WORK TO BE COMPLETED: The result should be an exact copy of only the lines from the one holding "Woman Driver design" through the last line of the data below, please, without pictures.

COLLECTED MATERIAL:
________________
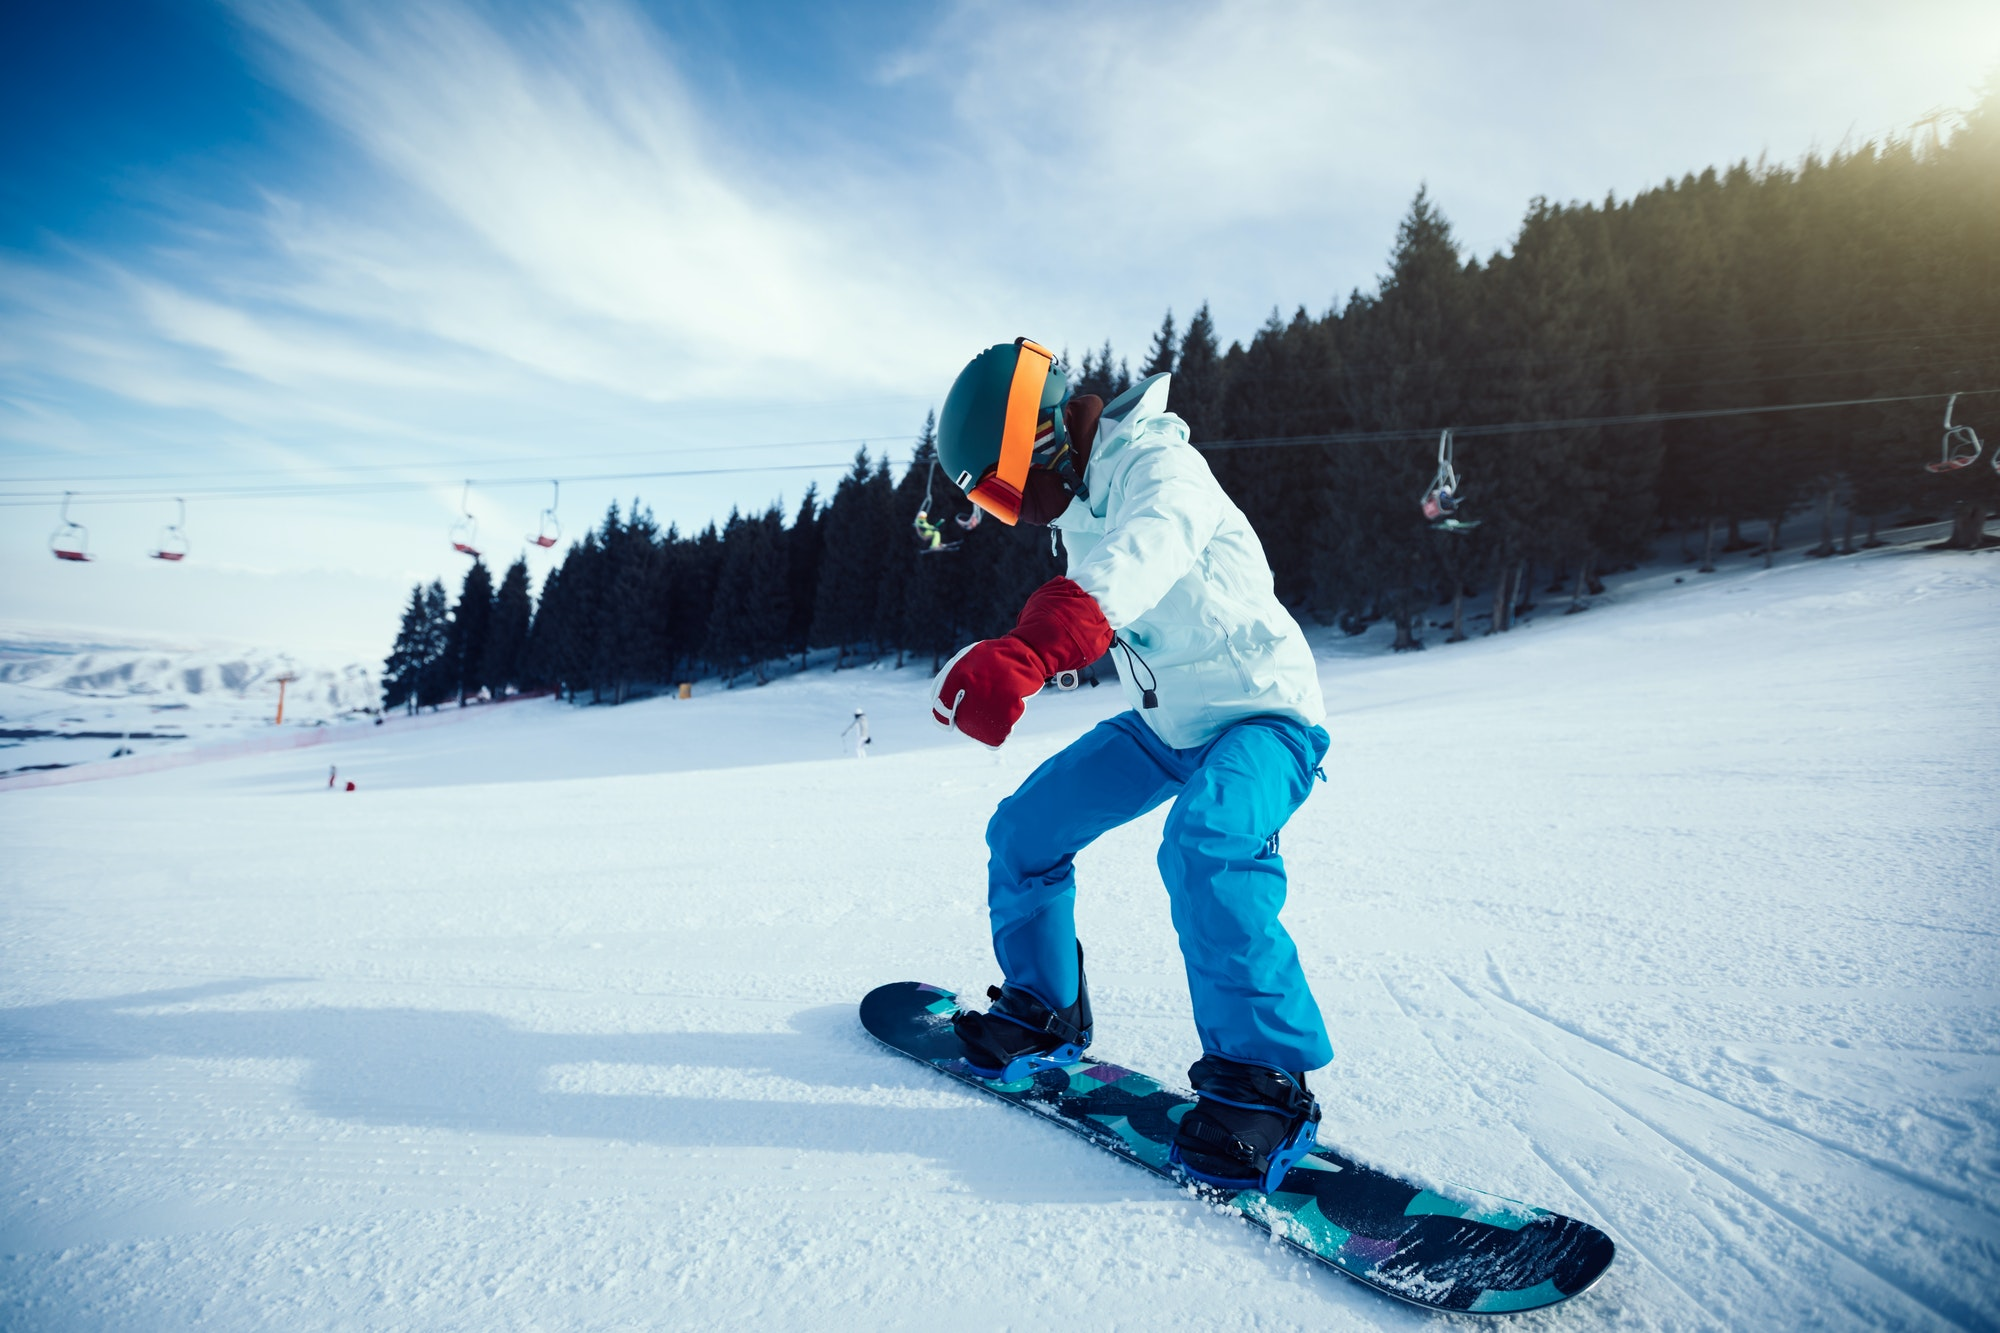 Snowboarding at ski resort
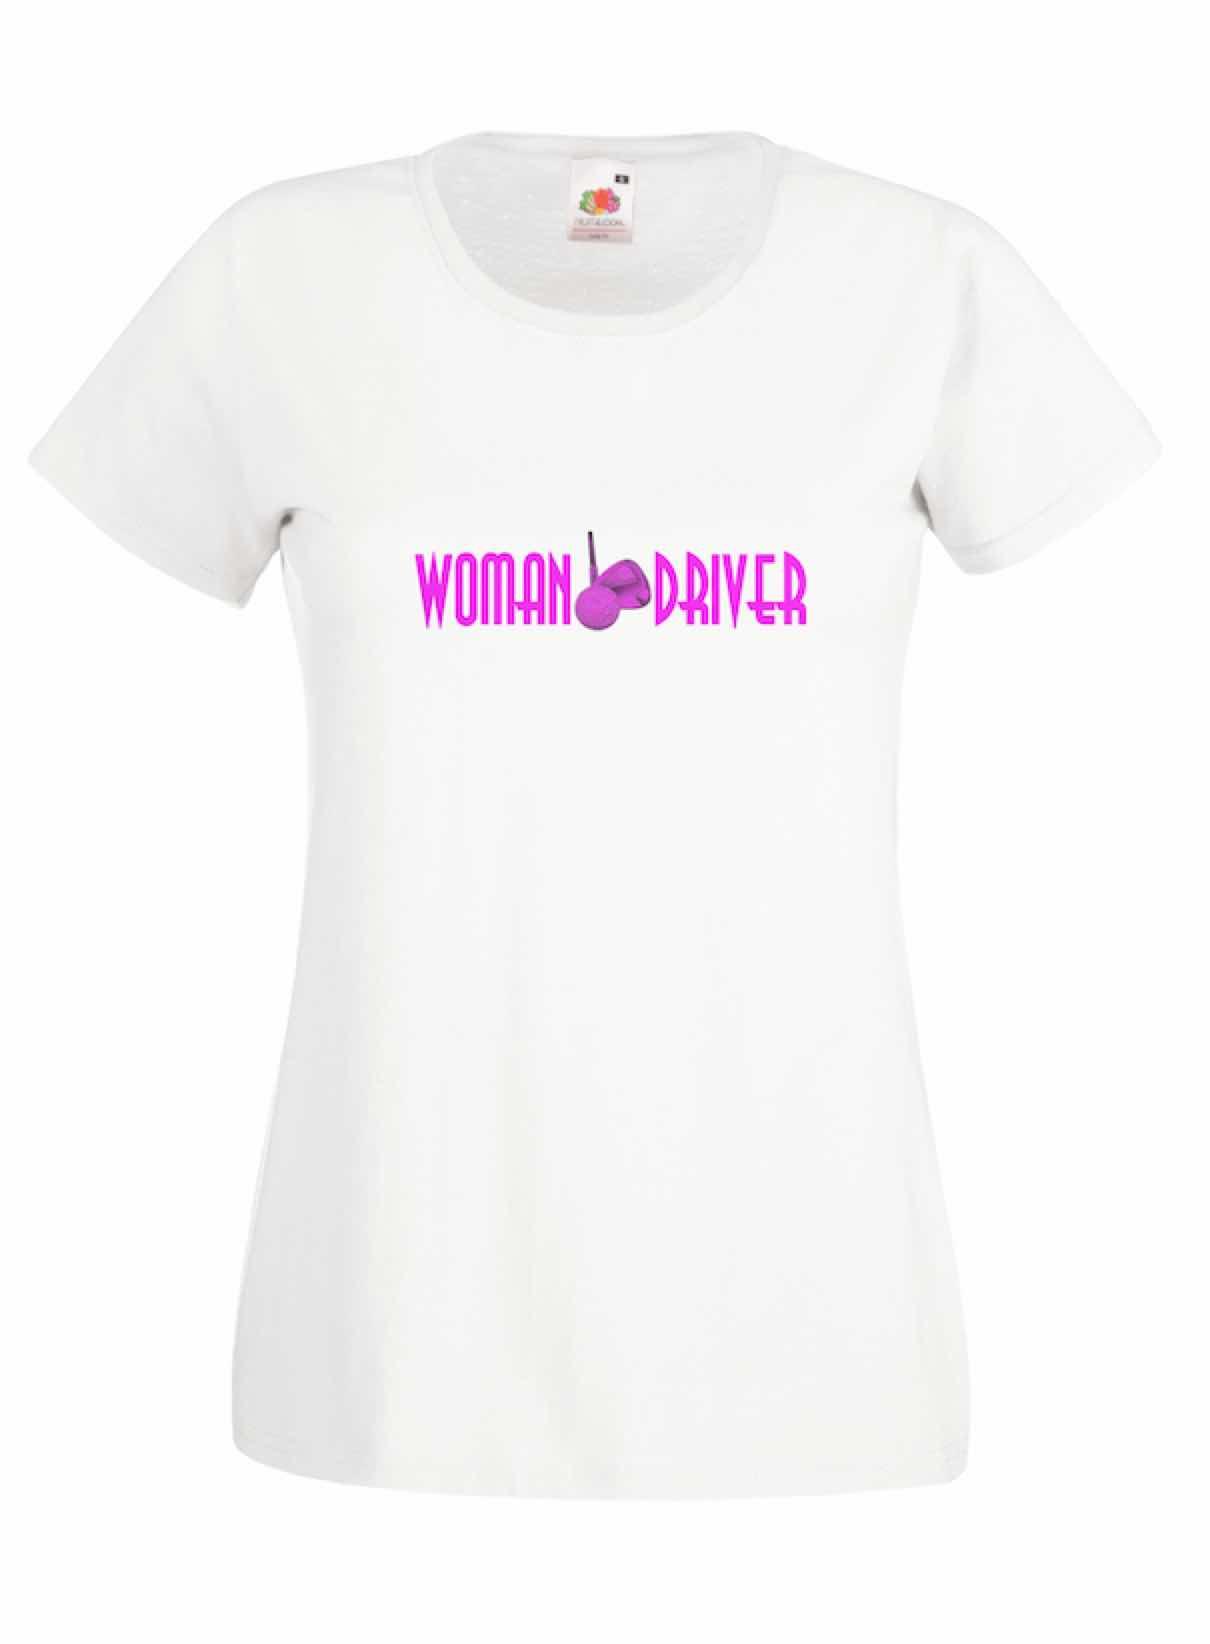 Woman Driver design for t-shirt, hoodie & sweatshirt
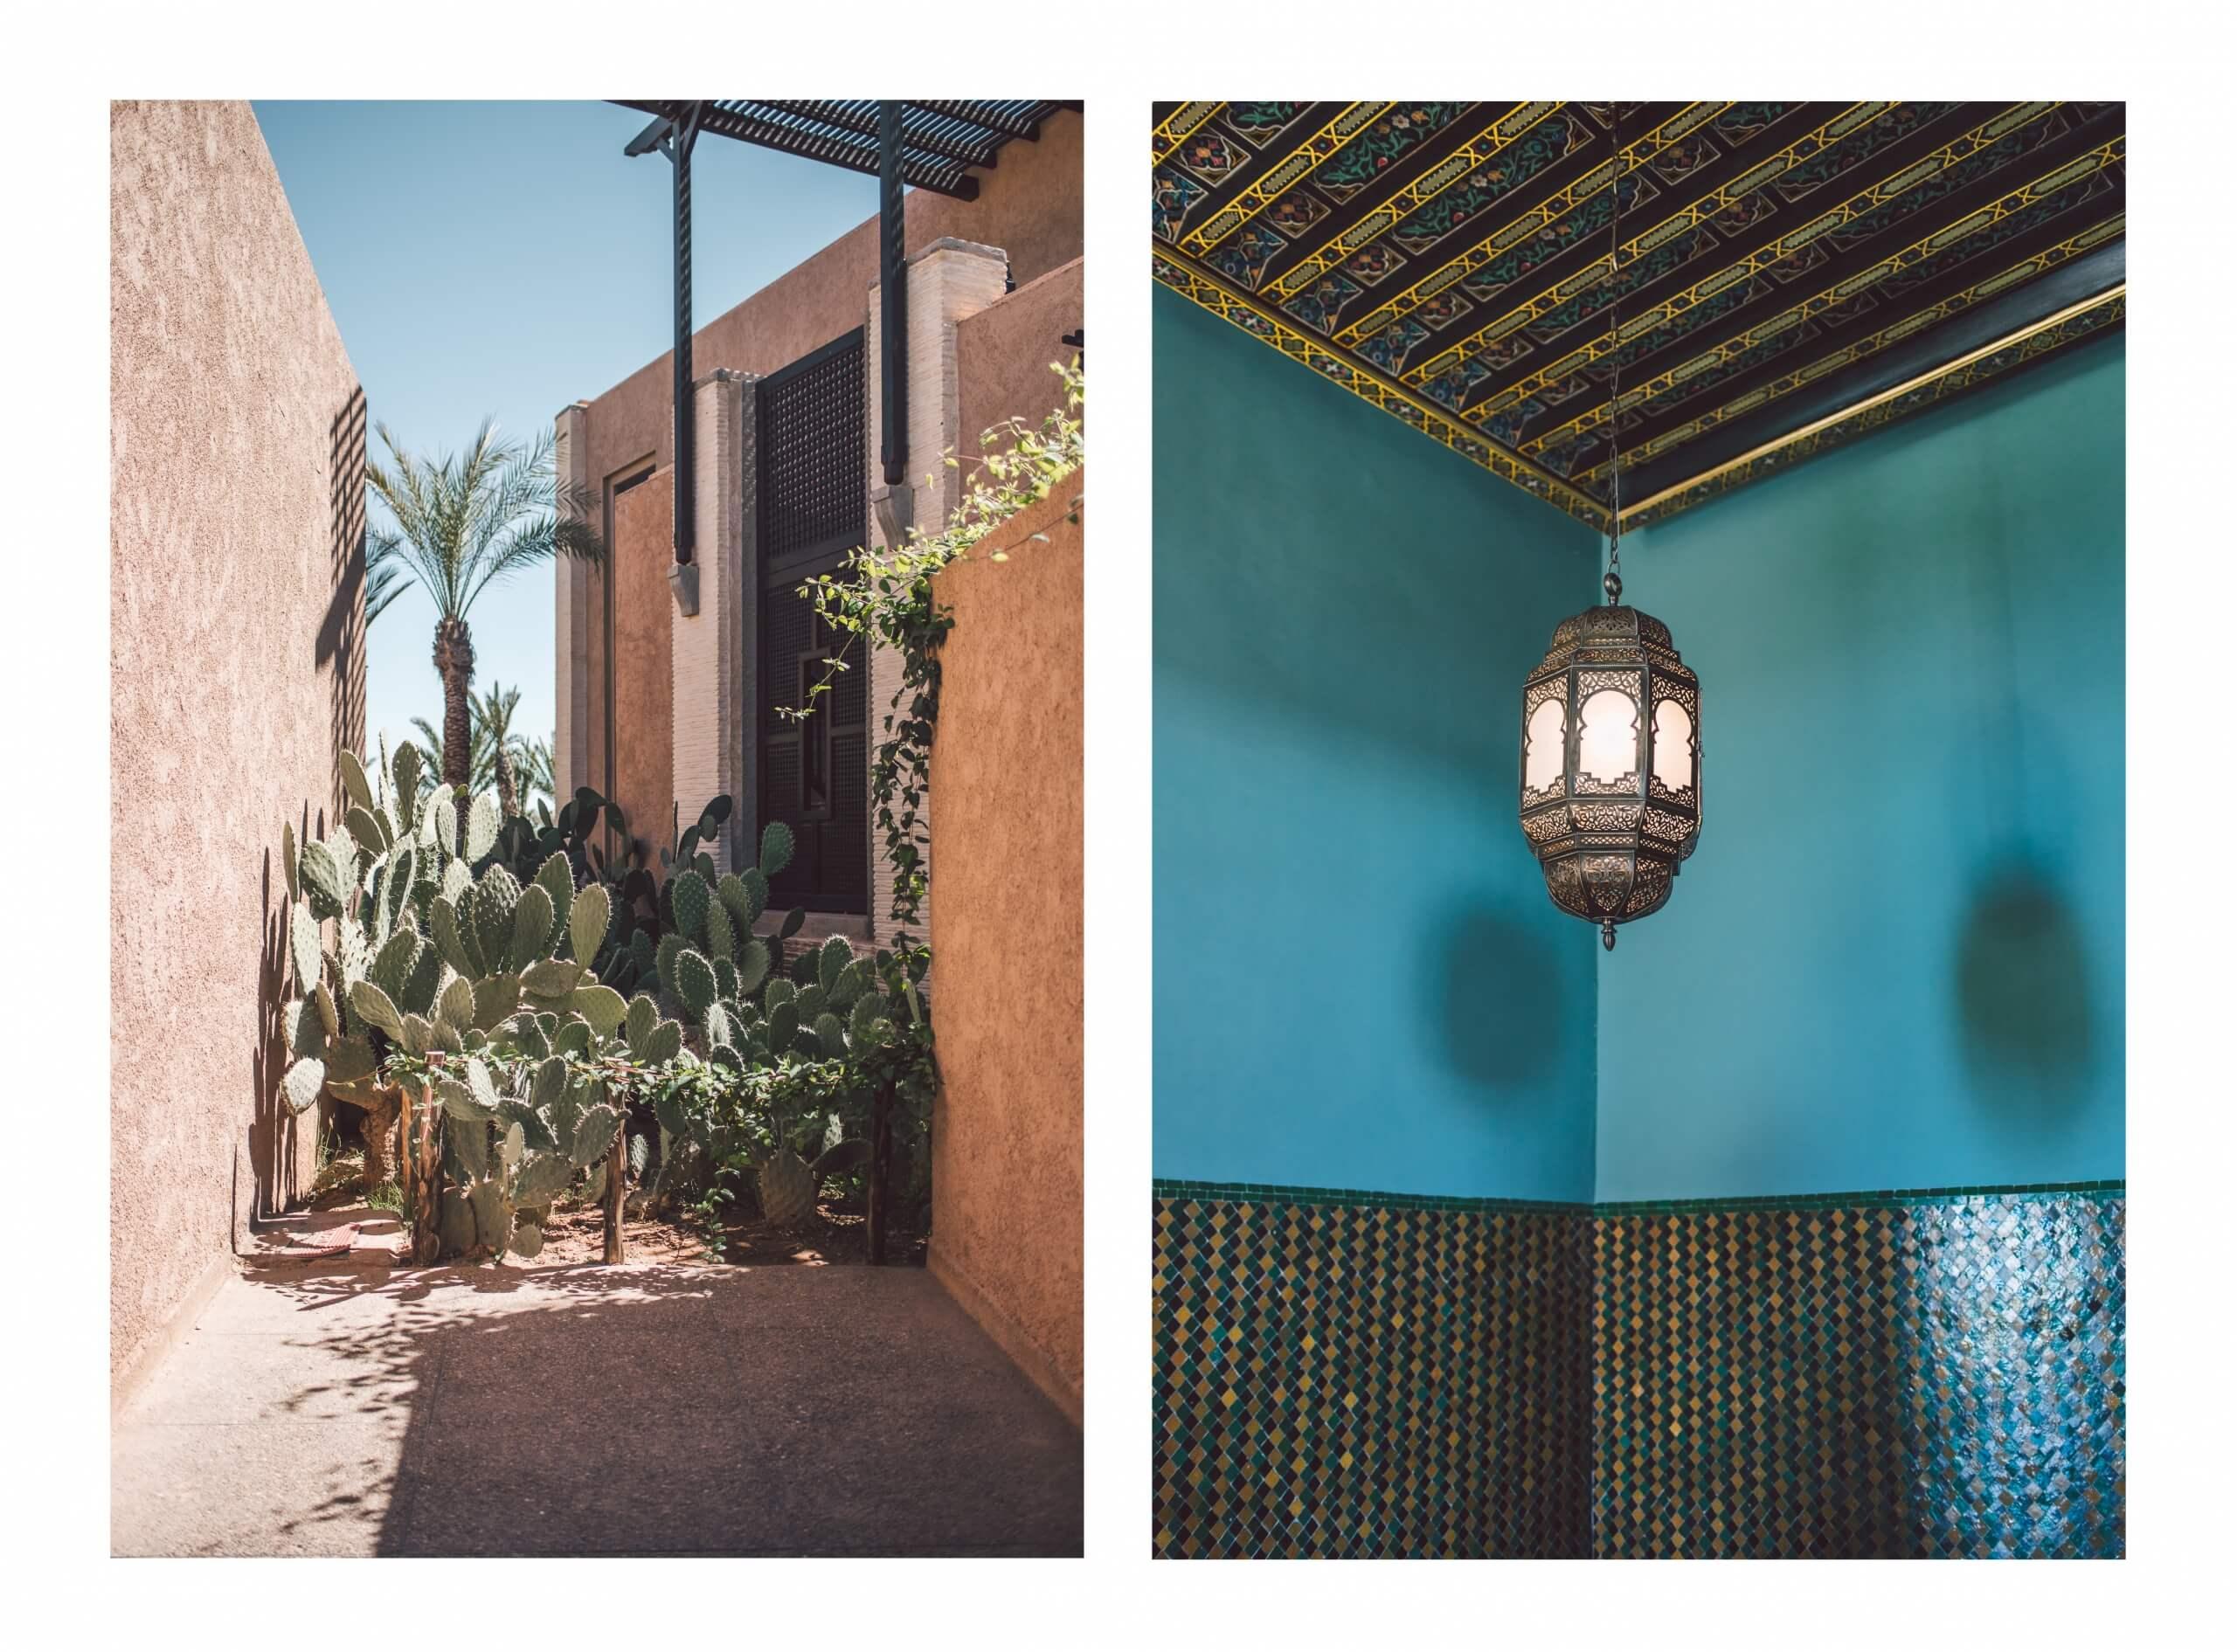 janni-deler-royal-palm-marrakechDSC_9715 copy
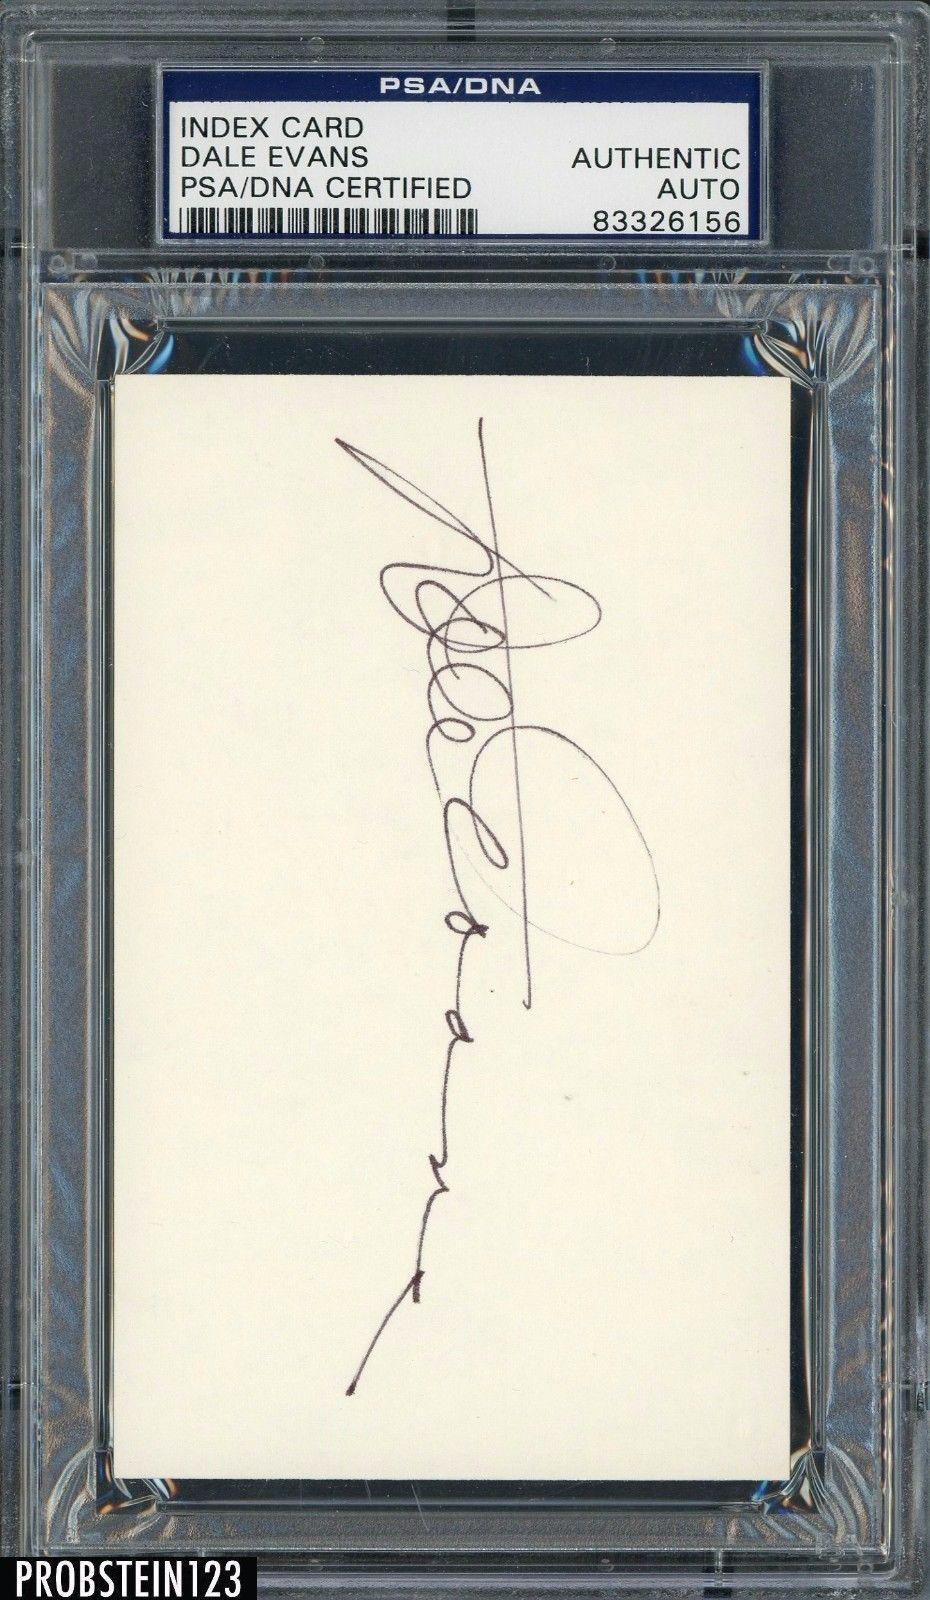 Catherine Deneuve Signed Index Card Signature Autographed Auto Autographs-original Cards & Papers
________________
RESULT OF THIS EXERCISE:
 Woman Driver design for t-shirt, hoodie & sweatshirt
 janni-deler-royal-palm-marrakechDSC_9715 copy
 Catherine Deneuve Signed Index Card Signature Autographed Auto Autographs-original Cards & Papers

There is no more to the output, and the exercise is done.